50g white wine vinegar

For the mushroom ketchup (makes about 20 servings)

200g onion, finely sliced

25g dried cep

50g butter

1 bay leaf

5g thyme

1 clove of garlic

300g white wine

350g button mushrooms, finely sliced

250g field mushrooms, finely sliced

750ml water

250ml cream

10g salt

100ml balsamic vinegar reduction

For the ricotta beignets

(makes 10 servings)

350g ricotta cheese

3g salt

100g flour

1 beaten egg

200g panko breadcrumbs

To garnish Seasonal greens and heritage carrots

First, make the terrine. Clarify the butter and add the truffle oil. Thinly slice the potatoes (think pommes boulangere), place in a bowl, season with salt and leave for 10 minutes. Line a terrine mould with baking paper.

After 10 minutes, mix the butter into the potatoes and start to layer them in the terrine mould. For every four layers of potato, grate fresh truffle across the whole layer. Cover the top with foil and bake at 160°C for 45 to 60 minutes. Once cooked, press in the fridge until cold, then turn out and wrap in clingfilm so the potatoes keep their shape. Slice 3cm thick and store in a container and chill or cook as below.

To prepare the pickled mushrooms, sweat the mushrooms in oil in a hot pan and season. Deglaze with the vinegar.
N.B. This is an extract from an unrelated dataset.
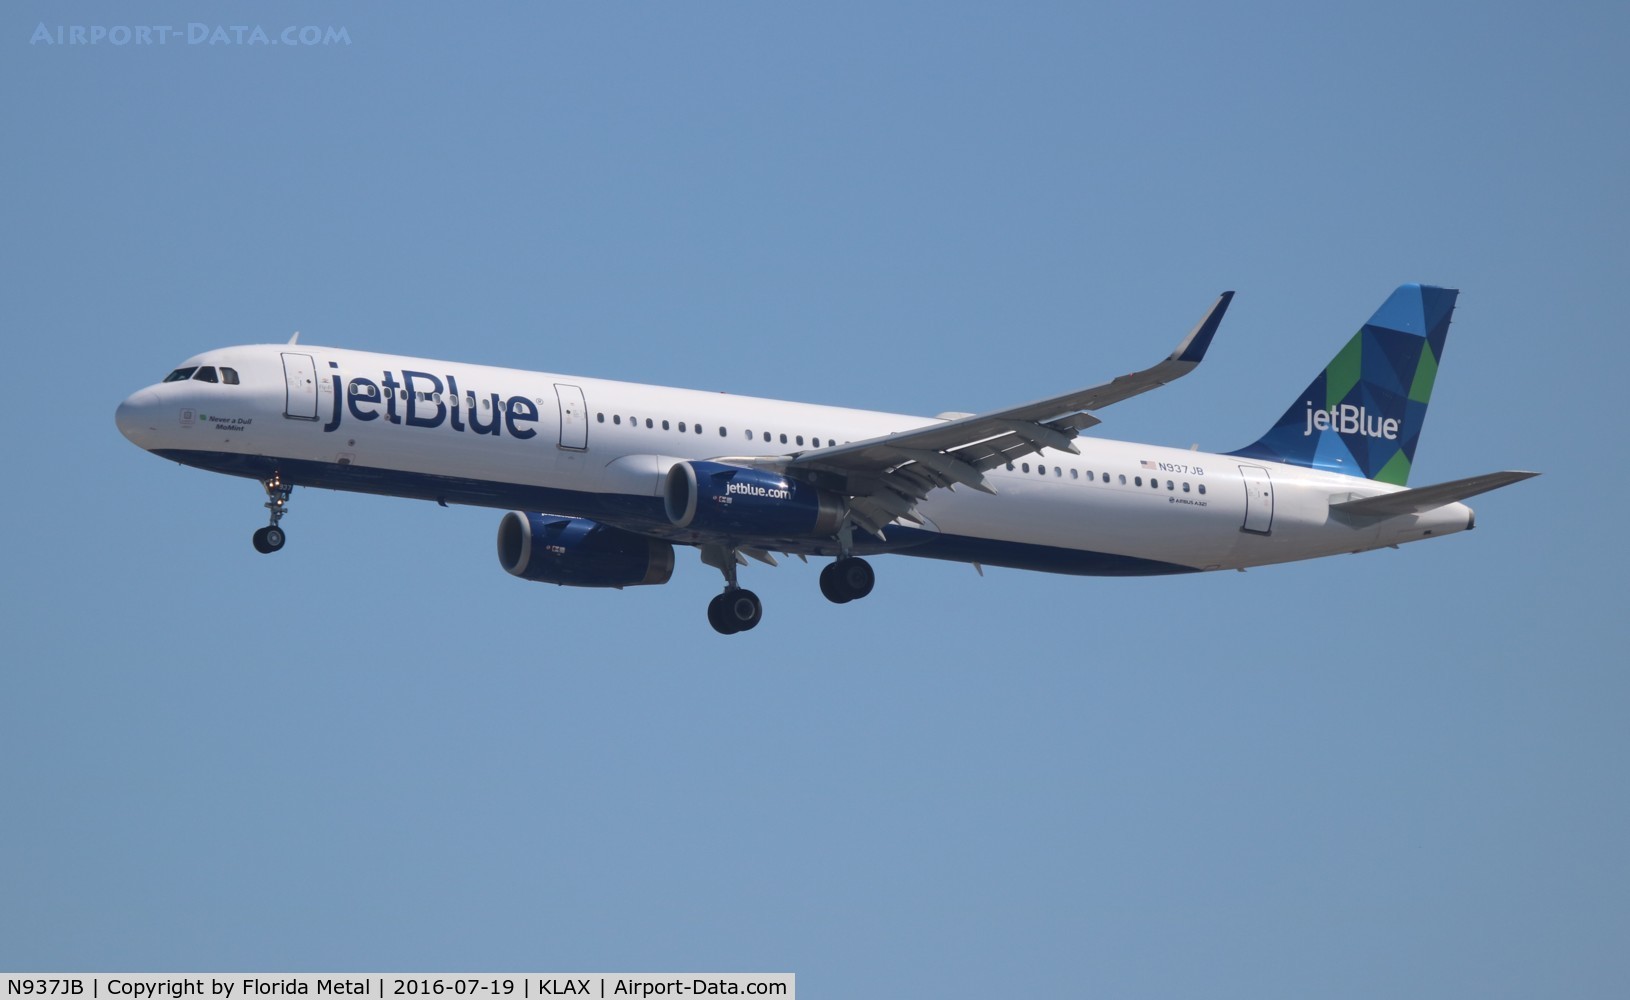 N937JB, 2014 Airbus A321-231 C/N 6245, LAX spotting

Chill the mushrooms and store in a container.
To prepare the ketchup, colour the onions and dried cep in the butter with the aromats, add the white wine and reduce completely. Add the mushrooms and cook out. Add the water and reduce by two-thirds. Add the cream, reduce and blitz. Pass through a chinois and then season with salt and balsamic vinegar.

To make the ricotta beignets, hang the ricotta in a cloth overnight to remove excess liquid. Fold in the salt, roll into balls of 10g and freeze on a tray for two hours. Roll the balls in flour, egg and panko breadcrumbs and return to the freezer. Cook, from frozen, in the fryer for 2 minutes at 180°C.

To finish the terrine, add a small amount of oil and clarified butter to a frying pan on a moderate heat. Place the sliced terrine in the pan and cook carefully on both sides until golden.
Serve a slice of truffled terrine with ketchup, pickled mushrooms, ricotta beignets, heritage carrots and seasonal greens.